電力中央研究所(CRIEPI)は、アオコ(光合成によってエネルギーを得るバクテリアの一種)から”緑の原油“を抽出する興味深い研究を発表した。電力中央研究所は、水分含有量の高い藻類から有機化合物(油分)の抽出のために、脱水剤を工夫することによって、現存の藻類技術で使われている複雑な工程を単純化することに成功した。
この工程は、バイオマスの脱水、農作物の採取、毒性の有機溶剤の使用が不要になるというメリットある。その結果、環境やオゾン層への悪影響がないことも、この蒸留過程のメリットとなる。
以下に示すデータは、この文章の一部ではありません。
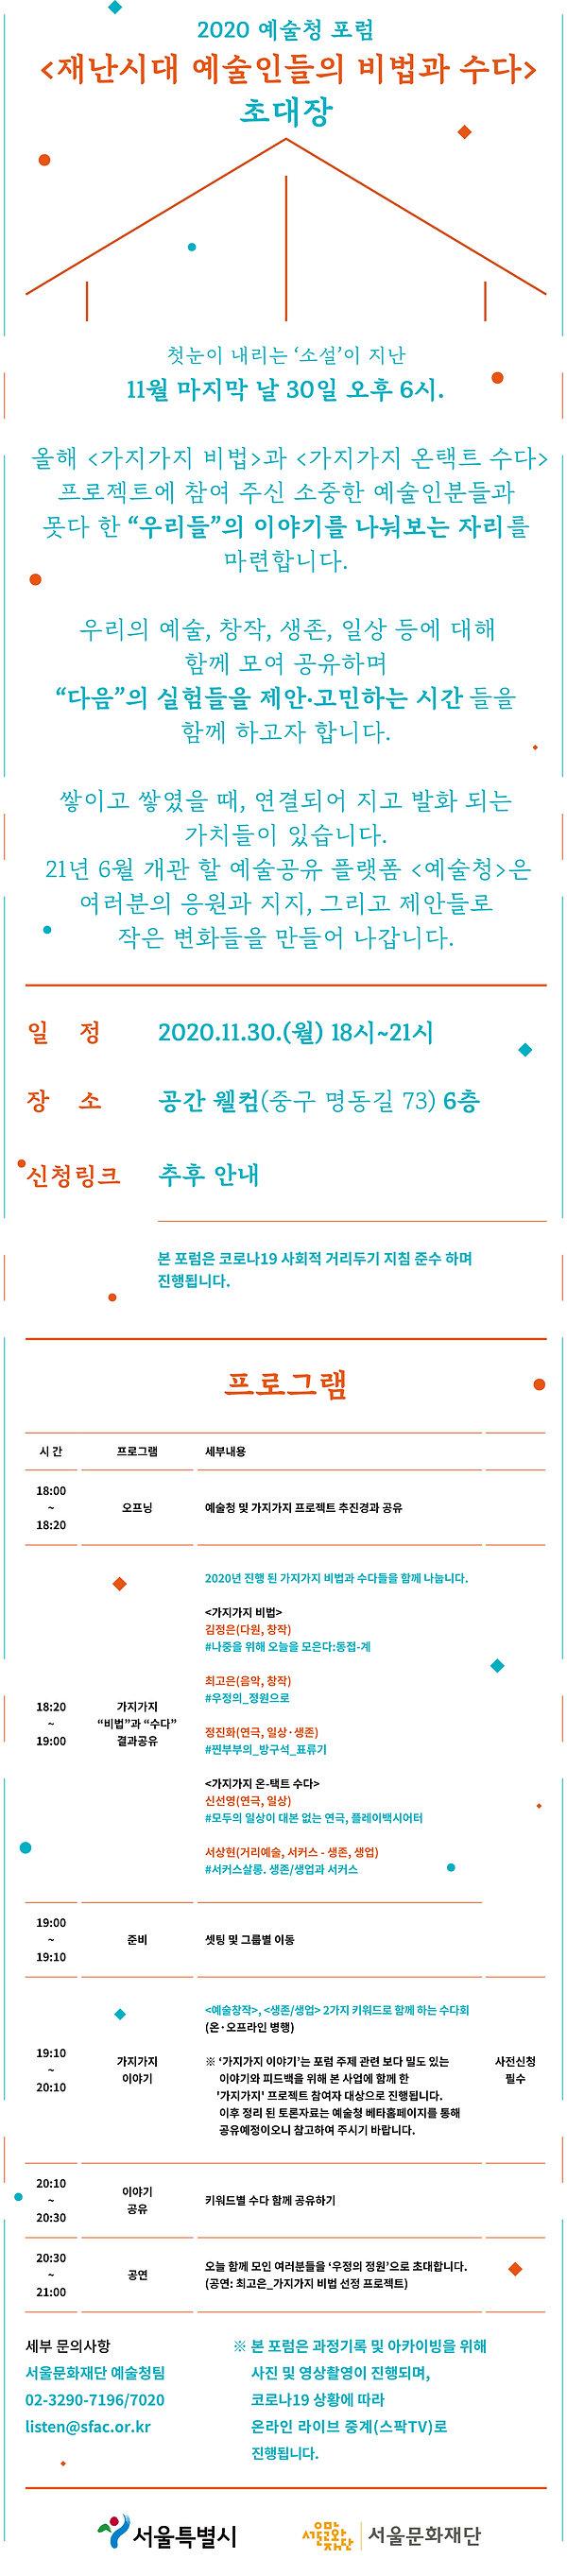 2.예술청포럼_웹플라이어 최종.jpg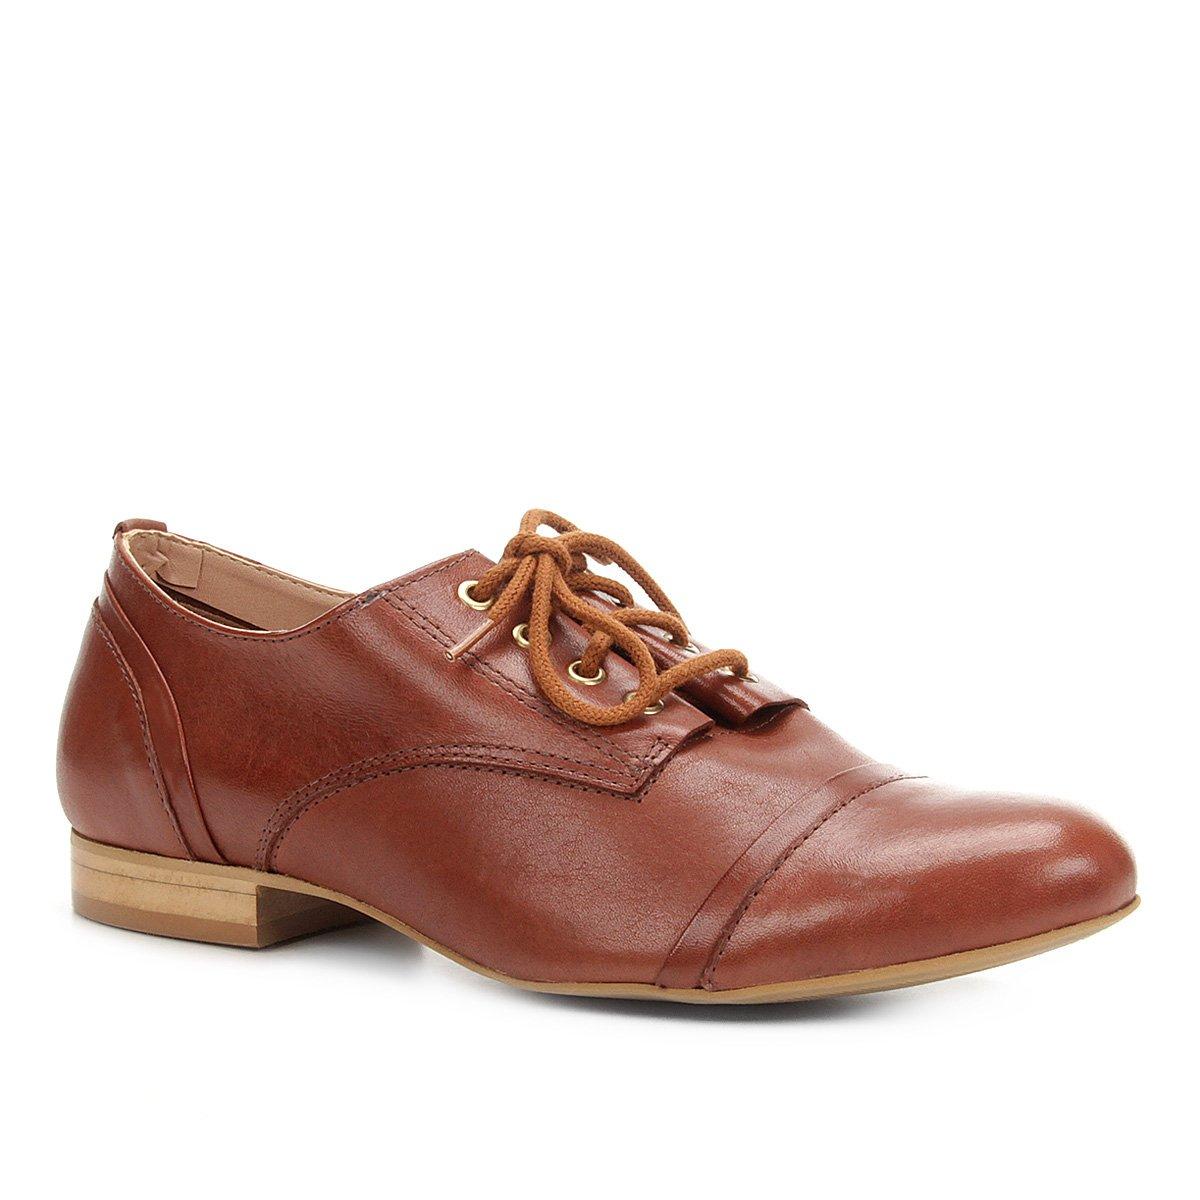 2add84db8 Oxford Couro Shoestock Feminino - Marrom - Compre Agora

微細藻類から緑の原油を抽出するこの新しい方法は、世界の地球温暖化とエネルギー危機を救う持続可能な第二世代のバイオ燃料のひとつとなり得るであろう。
微細藻類から緑の原油を抽出するこの新しい方法は、世界の地球温暖化とエネルギー危機を救う持続可能な第二世代のバイオ燃料のひとつとなり得るであろう。我々が話をした電力中央研究所の代表者たちは、この技術によって、食料資源と競合しないバイオマス抽出が可能になるという点を強調した。とうもろこしやサトウキビなどの農作物から製造された第一世代のバイオ燃料と異なり、緑の原油は食料格の上昇を招くことがないのだ。
一方、藻類を原料とする燃料製造は、大気中のCO2削減と直接は結びつかない。なぜならば、このバイオ燃料を燃やす時に、藻類によって大気中から吸収されたCO2が、大気中に再排出されるからだ。しかし石炭や石油などの枯渇しつつある化石燃料を燃やす場合と違って、少なくとも、新たなCO2の排出は避けられる。
この展示会では、再生可能エネルギーの分野全般において技術的進展が見られることが確認できた。しかしその一方で、学術的な研究成果や進展と、技術の応用を意図する企業との間に溝があると感じた。
最善のシナリオがうまくいった場合でも、この分野の発達には時間がかかる。たいていの技術開発者は、各自が開発中の技術の商品化を2030年までに達成したいと言っていた。2030年とは、日本の25%温室効果ガス排出削減目標――その詳細については、残念ながらわずかしか提供されていない――の達成期限から、さらに10年後のことである。
それにもかかわらず、新たに出現したこれらの技術は、総体として、我々を待ち受ける再生可能エネルギーの未来がどのようなものなのか、その一端を我々に見せてくれる。